✨ Martes y viernes nuevos capítulos y estrenos
💬 Únete a la comunidad en WhatsApp & Telegram!
Si te está gustando la lectura, me ayudarías mucho compartiendo la web 🌟
Capítulo 1419:
🍙 🍙 🍙 🍙 🍙
Damon se encogió de hombros. «Aún no lo sé».
Nikolas apartó la mirada, tranquilo y seguro de sí mismo. «Dile a papá que no tiene ninguna». Sin decir nada más, cogió su portátil y se fue a buscar a Daniela.
Mientras tanto, los dedos de Daniela volaban sobre el teclado. Estaba acostumbrada a acceder en silencio al sistema seguro del Grupo McCoy todos los días para revisar archivos. Justo cuando estaba a punto de finalizar el inicio de sesión, su dedo se detuvo sobre la tecla de confirmación. Fue entonces cuando se dio cuenta de que Nikolas estaba cerca.
Levantó la vista y preguntó: «¿Necesitas algo?
Nikolas dudó antes de preguntar: «¿Me puedes prestar algo de dinero?».
El nerviosismo se apoderó de él. Como hijo mayor de Hamilton, Nikolas no era alguien que solía tener problemas de dinero. Sin embargo, pedirle un préstamo a Daniela, una mujer más joven, le resultaba incómodo y un poco vergonzoso. Se lo había pedido antes a Cedric, pero este se limitó a señalar a Daniela y decirle que ella se encargaba de todo el dinero.
No entendía por qué Cedric dejaba que su esposa se ocupara de las finanzas. ¡Qué patético!
Sentado frente a Daniela, Nikolas se sentía oprimido y frustrado. Si le pidiera dinero a Hamilton, este se negaría rotundamente.

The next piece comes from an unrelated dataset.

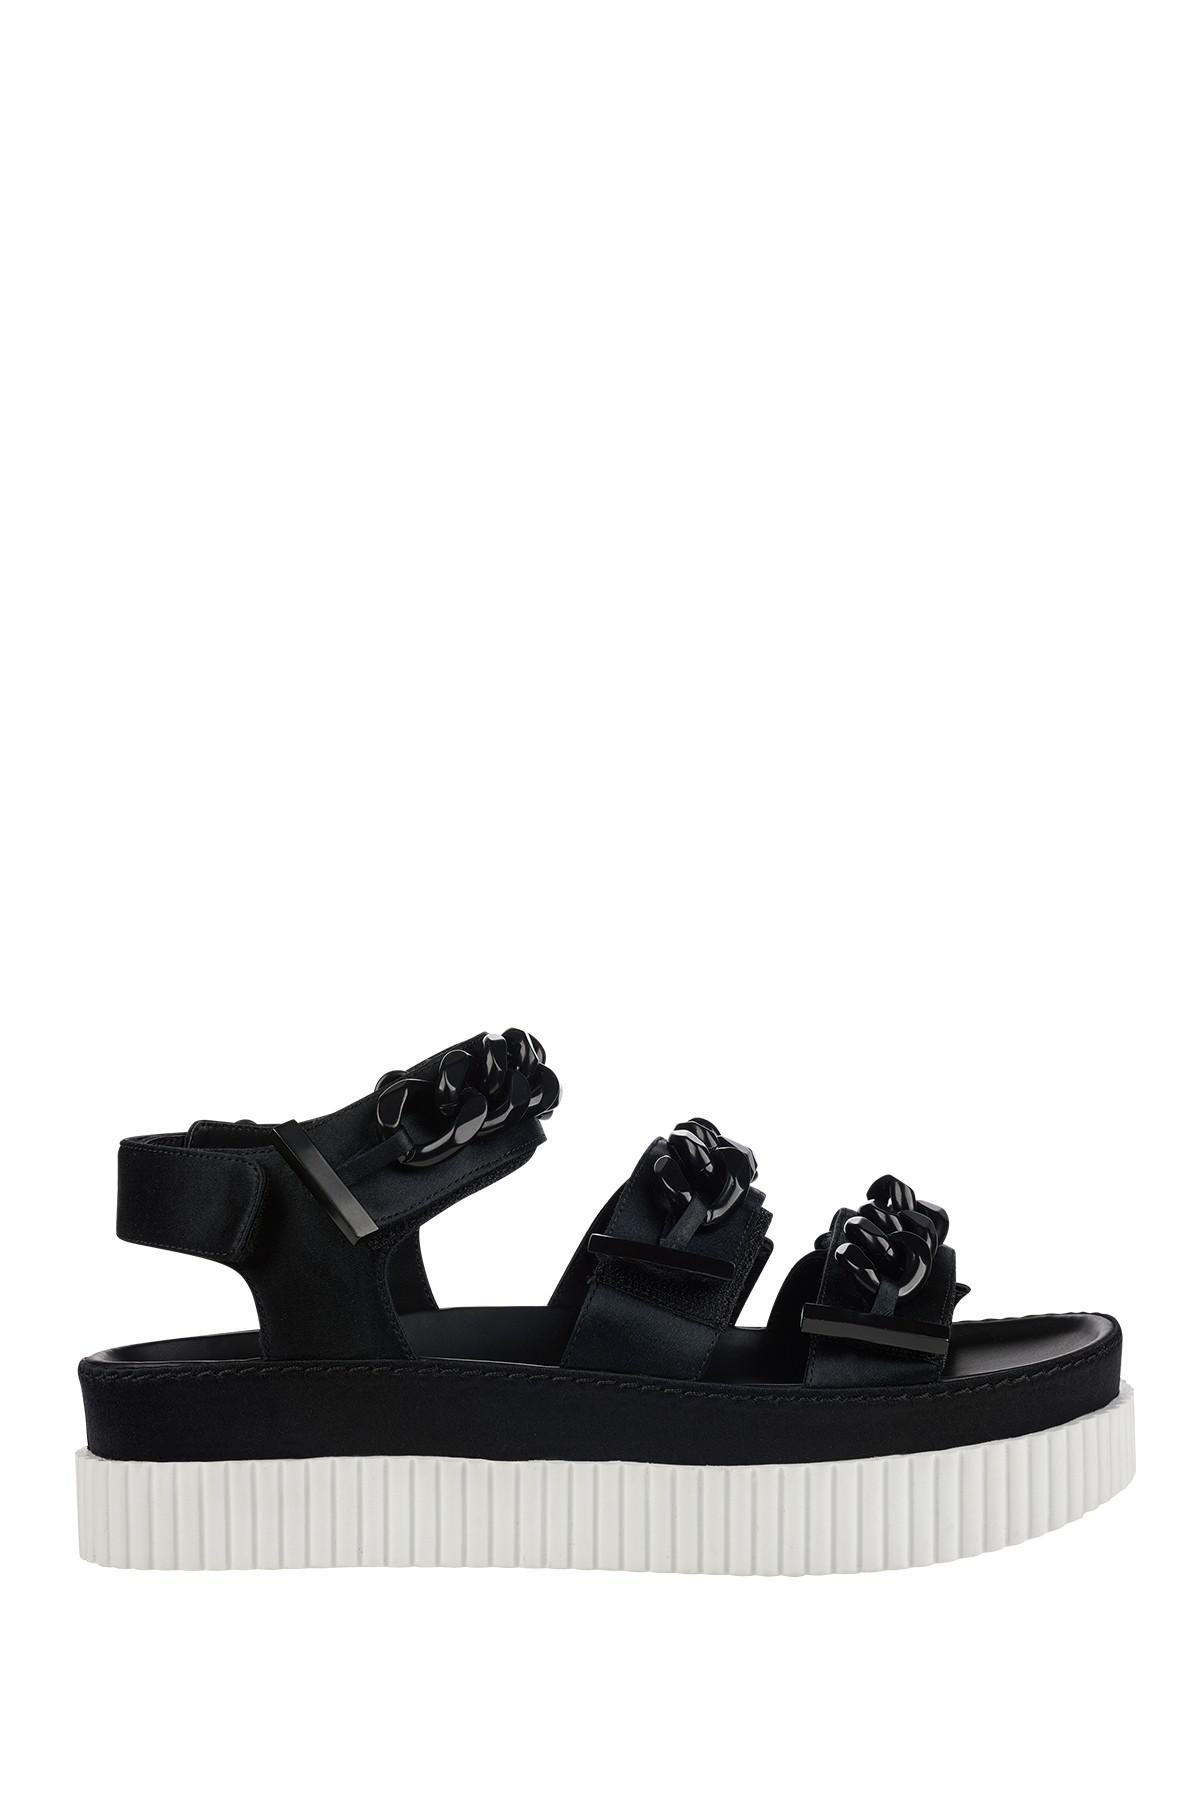 Kendall & Kylie Kk Ivie 3 Sandale Jeu Explorer La Sortie De Nouveaux Styles remise En Vente Sur Ebay Livraison Gratuite Avec Paypal 0hmSKfk

Pero esta vez estaba decidido a defenderse.
Con cuidado, expuso su plan, hablando con claridad. «Quiero montar mi propio negocio. He estudiado tus exitosas estrategias de crecimiento y creo que esto podría funcionar. Pero necesito algo de capital inicial. ¿Podrías ayudarme?».
No era muy optimista. Los años trabajando para Hamilton le habían enseñado a esperar el rechazo y la represión. Incluso su padre lo trataba con dureza, así que ¿cómo podía esperar algo diferente de Daniela?

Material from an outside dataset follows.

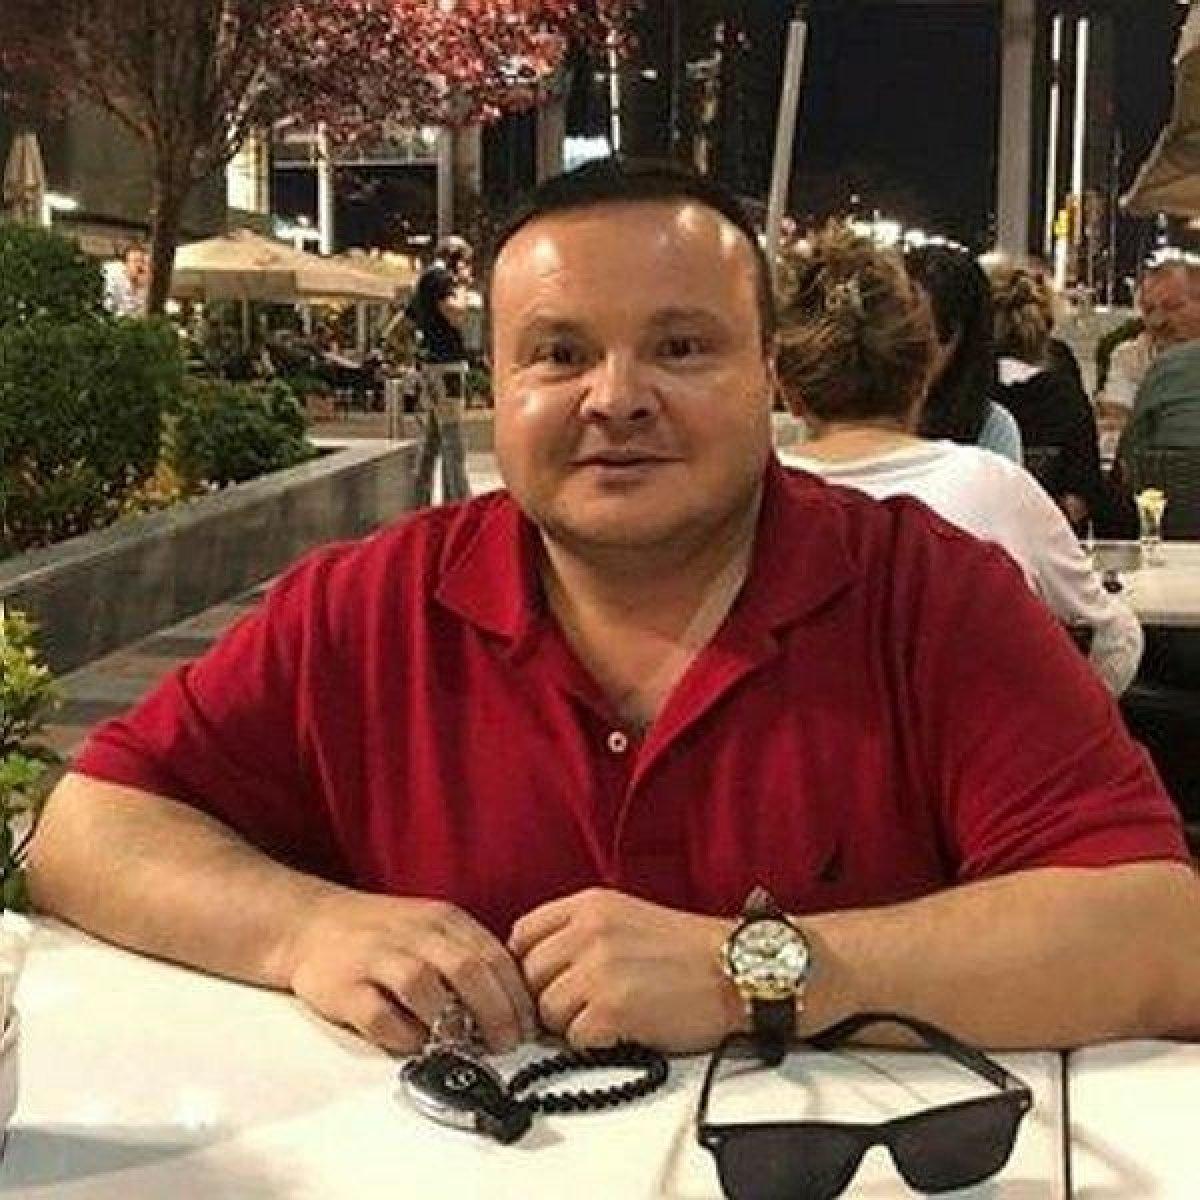 Savunma sanayideki casus Yusuf Hakan Özbilgin tutuklandı #1

Levantando su ordenador portátil, Nikolas añadió: «Esta es mi idea y el concepto. Si crees que no funcionará, entonces yo…».
Estaba a punto de decir algo más, pero Daniela lo interrumpió y le preguntó: «¿Cuánto dinero necesitas?».
Úʟᴛιмσѕ ¢нαρтєяѕ єɴ ɴσνєʟa𝓈𝟜𝒇𝒶𝓃.с𝓸м
Nikolas se quedó allí sentado, paralizado por un momento. Le costó un rato procesar lo que había oído. «¿Qué has dicho?».
La expresión de Daniela seguía siendo severa y su voz tenía un tono cortante que eliminaba cualquier atisbo de humor. «Solo dime la cantidad. ¿Cuánto dinero necesitas?».
Al oír eso, Nikolas sintió una extraña mezcla de gratitud, validación y un atisbo de orgullo.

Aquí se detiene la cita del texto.